OTOH, a rewrite could be useful in splitting up the problem-space as well as reducing errors. This is where Ada excels, and one nice way of splitting the problem-space could be in providing types (perhaps with provable properties via SPARK) that properly decompose the problem-space.

    -- Small, quick/dirty "back-of-napkin" design.
    Package Uniform_Resource_Locator is
      Type Protocol is (HTTP, HTTPS, FTP, SFTP, ETC );
      Type URL is private;
      
      Function Get_Protocol(Object : URL) return Protocol;
      -- other operations.
      Function Parse(Text : String) return URL; -- Text to URL.
      Function "+"(Object : URL) return String; -- URL to Text.
    Private
      Type URL is record
        --...
      end record;
    End Uniform_Resource_Locator;
> The rewrite could end up buggier than the original.

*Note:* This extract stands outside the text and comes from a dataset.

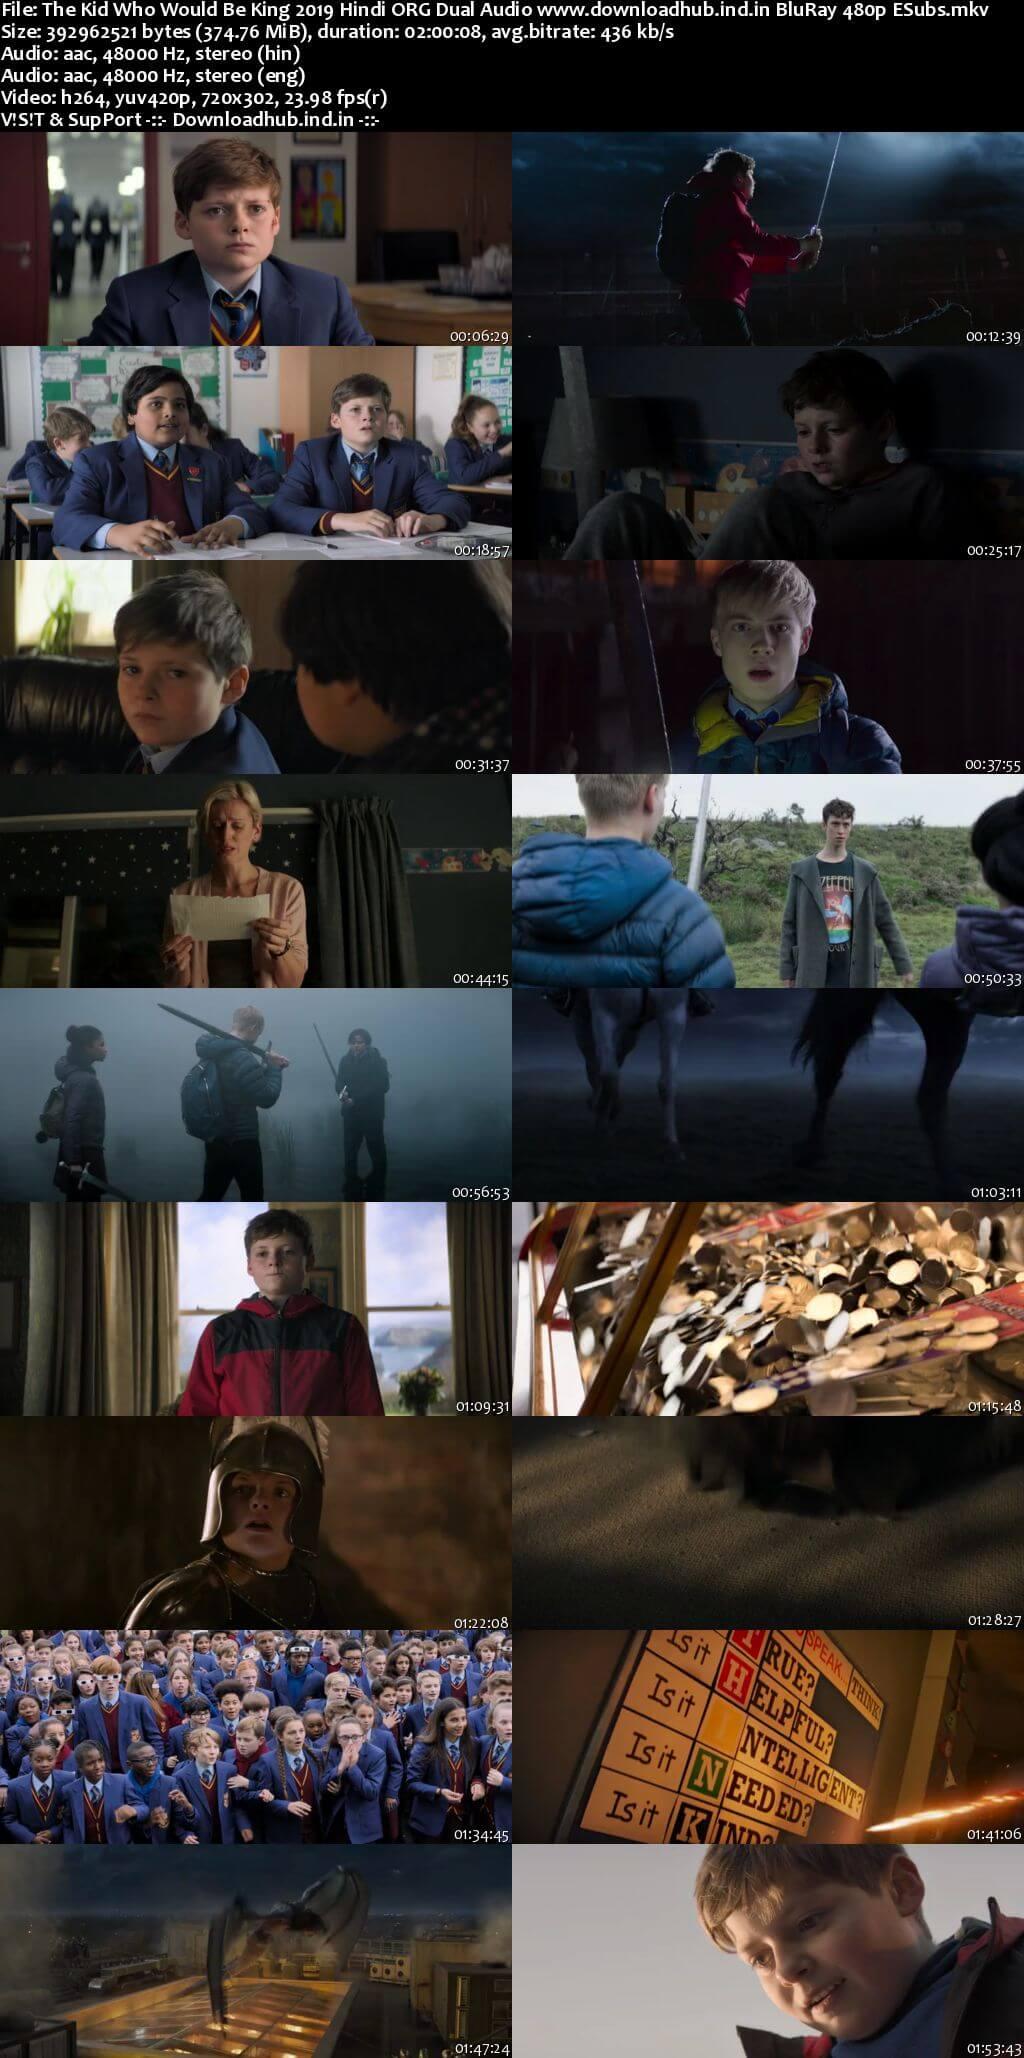 The Kid Who Would Be King 2019 Hindi ORG Dual Audio 350MB BluRay 480p ESubs

Given the properties of a language like Ada, you could decompose the problem-space into types (like above) and leverage the language properties to ensure the correctness of the program. For example, Ada mandates full-coverage on cases can so when you say `case Get_Protocol(The_URL) is ...` you have to provide for every value in the enumeration (Protocol here), and the compiler enforces this. So, every place you have a case-statement operating on a Protocol value, absent the `others` option, the compiler will error-out and point you to the location you're missing a value.

...meaning that you can update the Protocol enumeration and have the compiler complain at every location you need to fix/implement the new protocol.


This might interest you

https://github.com/1ma/CurlAda


So is making the UNSAFE FOR ALL, instead of unsafe for few?

Defaults matter.

P.D: Think if web browser were not fixed or improved because maybe somebody is using Win95. Its the same. The path to better is stop using what is proven to be bad (C/C++ is proven to be very bad!). The path to make sure niche platforms are covered is turn what is better in something more popular until it replace the old... and niche platforms use it...

This is called progress. Is how its done.


Yeah of course, I just think instead of all this “it could be in rust talk” let’s just get it over with.


Why do you think he's adding Rust components to it?


I think he is being paid to, not sure if he would choose to personally.

There was a blog post a while back where he more or less said "I am being paid to add Rust".


Seems like re-writing it with extra steps.


It's "re-writing" with actual steps


There are much easier ways to get array bounds checking than rewriting everything in Rust.


And that solves double frees through ___?


Having worked with him at Mozilla I can assure you that he is familiar with Rust. I'm as much of a Rust fanboy as anyone, but "rewrite it in Rust" is not a simple process, and there are many tradeoffs involved. That being said, I think Rust will continue to improve on this front. Things like the GCC Rust frontend work are promising avenues to expand Rust's reach in terms of supported platforms, and tooling like c2rust will make rewrites simpler. There are also techniques like `RLBox` now that allow compiling C code to WebAssembly and running it in a sandbox which offer mitigation strategies without a full rewrite.